Investors look at your existing business and assign a value to it. This value is what is called the Pre-Money Valuation. The Post-Money Valuation is the agreed value of your company + the cash invested in the round.
To calculate the Price Per Share, simply take the Pre-Money and divide by the number of shares currently in existence (# Pre-Money Shares).
Price Per Share = Pre-Money Valuation / # Pre-Money Shares
Here's a super basic cap table with PPS calc:
The Option Pool Shuffle
How many shares exist prior to the round? The answer is less obvious than you might think; it is actually a question of agreed definition ... and a source of confusion. Included for sure are the existing shares and the options that have been allocated. The subtlety is that the total number of shares considered will usually include a number of options that have not yet been allocated or even authorised yet -- new options.
Why include new options? Well, VCs calculate their return profiles based on ownership, and like to know how much they will own by the time you get to the next round.

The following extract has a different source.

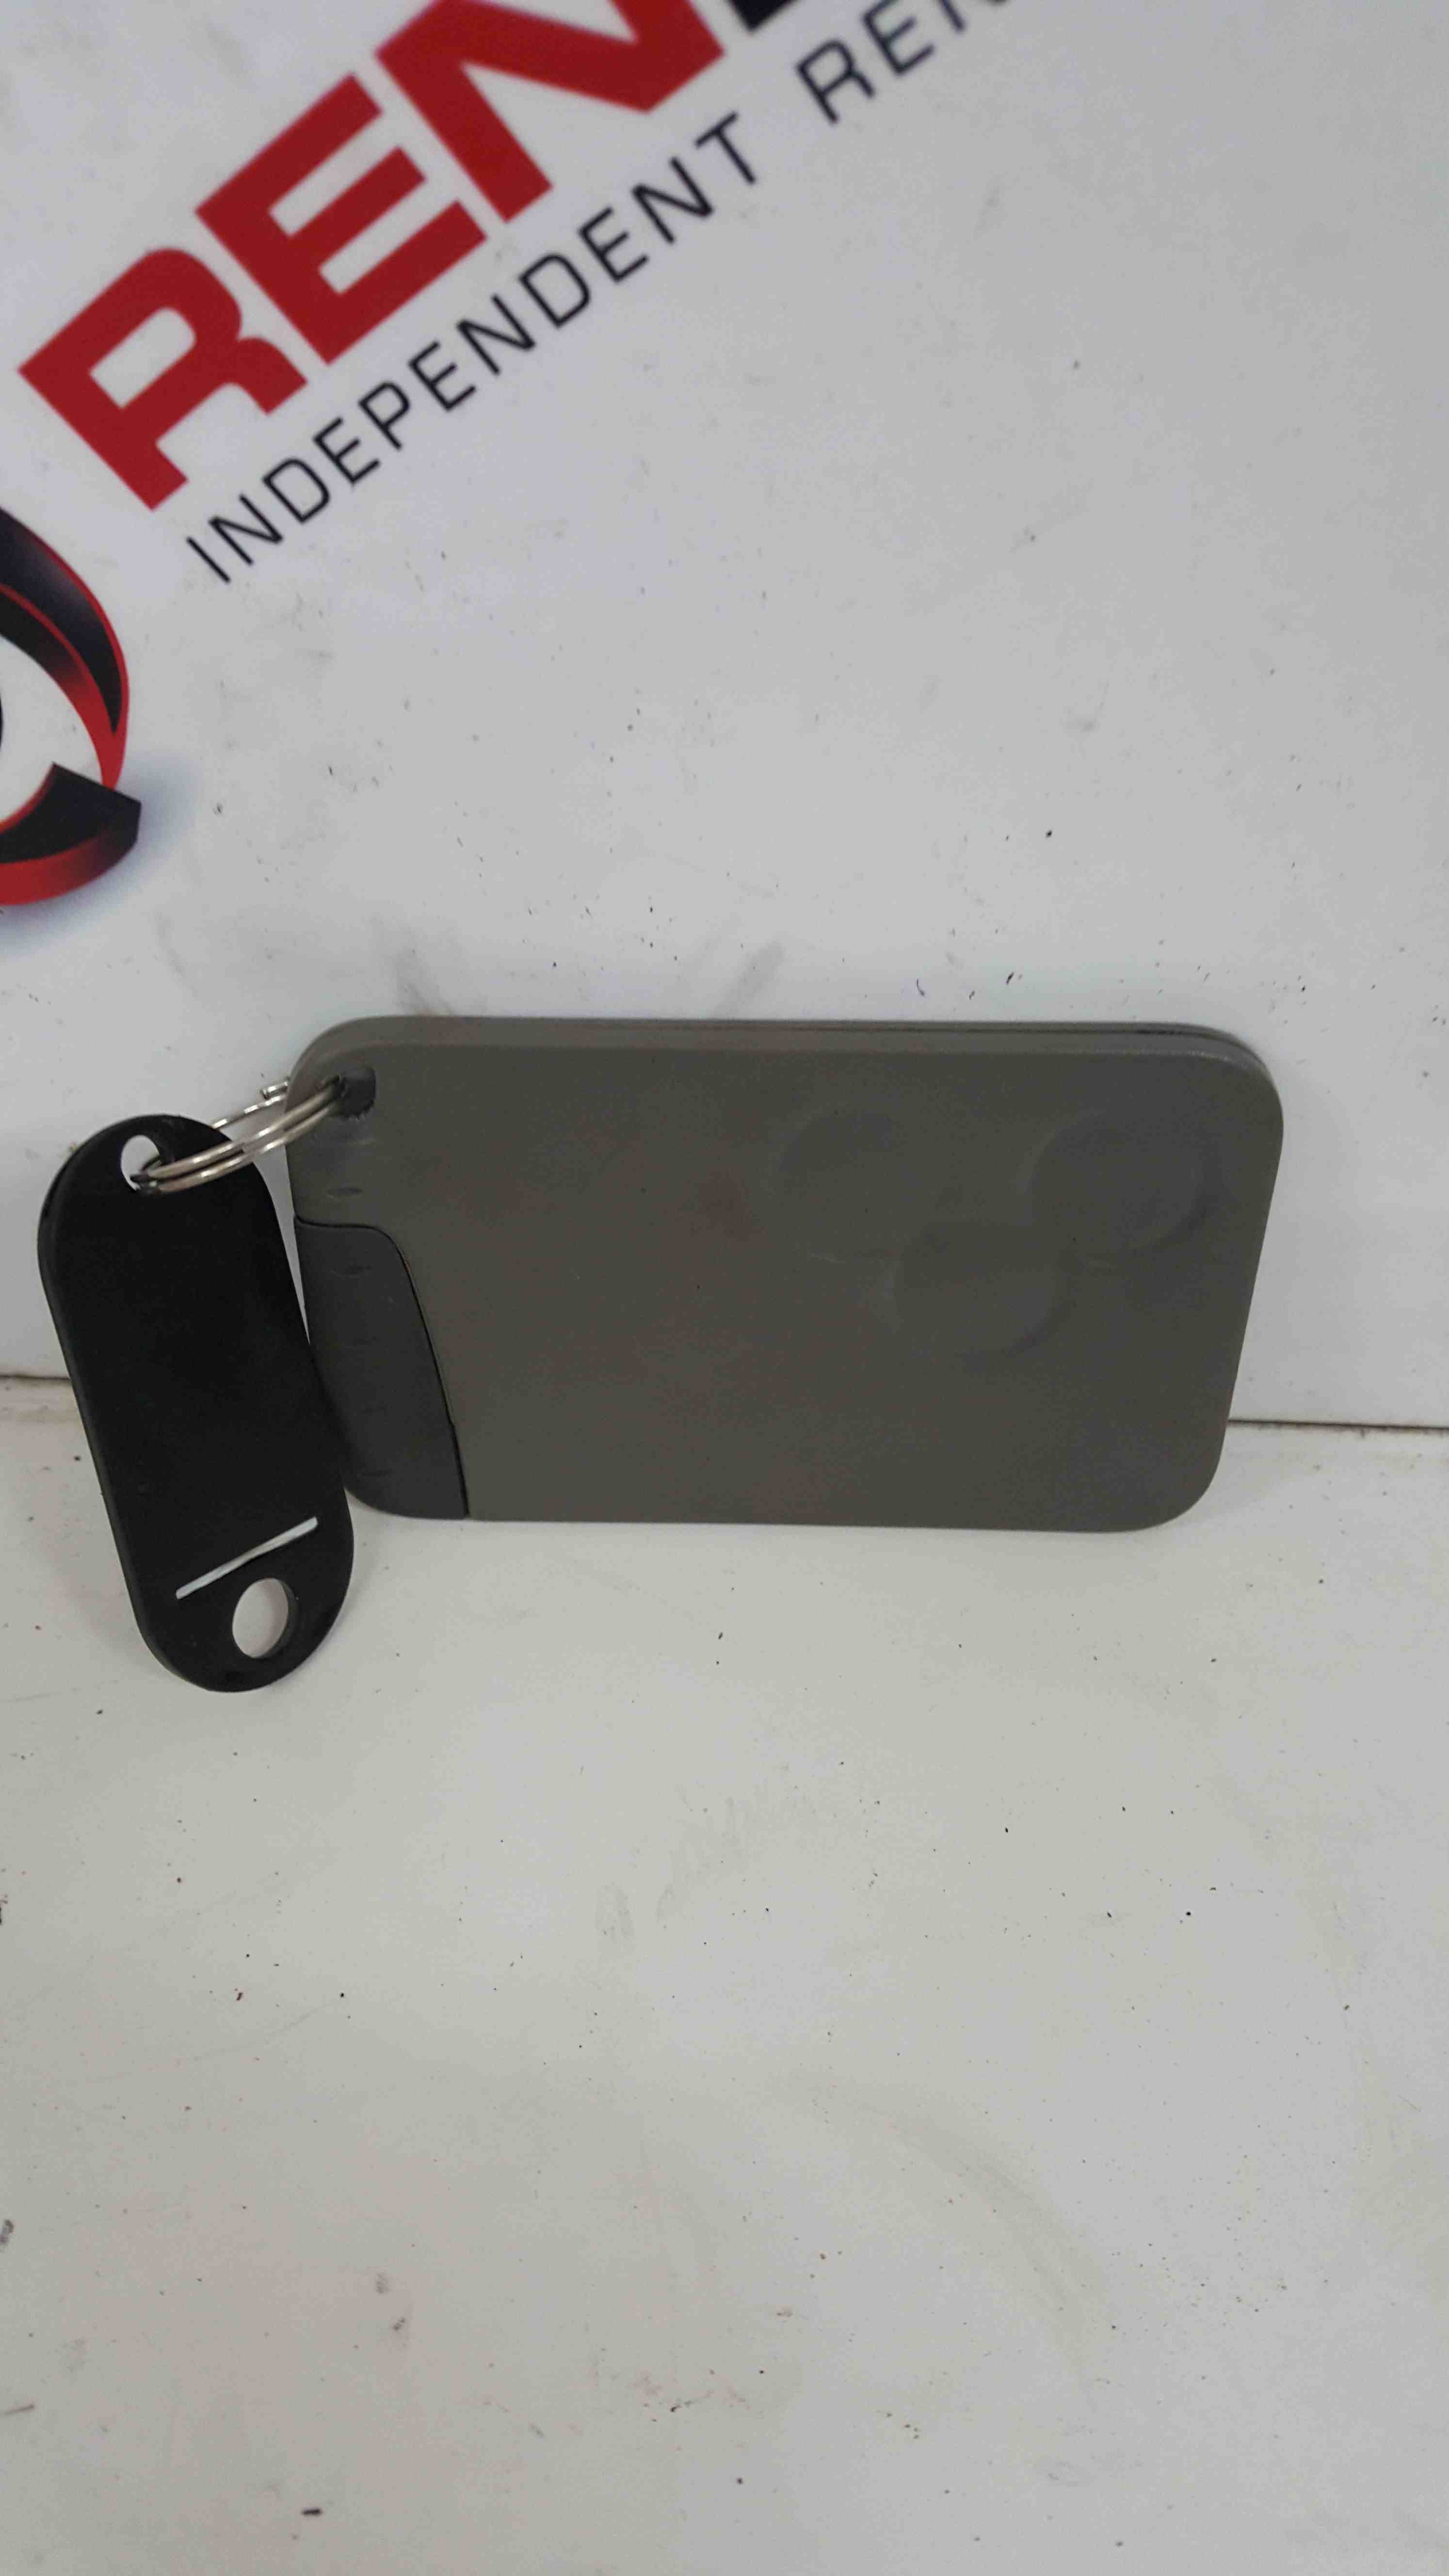 Renault Espace 2003-2013 Key Card Case

So it is customary to “budget” say 18 months worth of options required for team building ... so that the ownership number is a “true reflection” of what the investors will own by the time the next round comes around.
Think of unallocated Options as “unseen dilution” or “yet to happen” dilution.
Usually in a term-sheet you will see wording such as: “the Pre-Money will include a number of Options such that the unallocated option pool represents 10% of the fully diluted equity”. In plain English, this just means: "we will plug a number of new options in the spreadsheet such that the unallocated number of options after the round is 10% — and these options will be part of the Pre-Money Shares".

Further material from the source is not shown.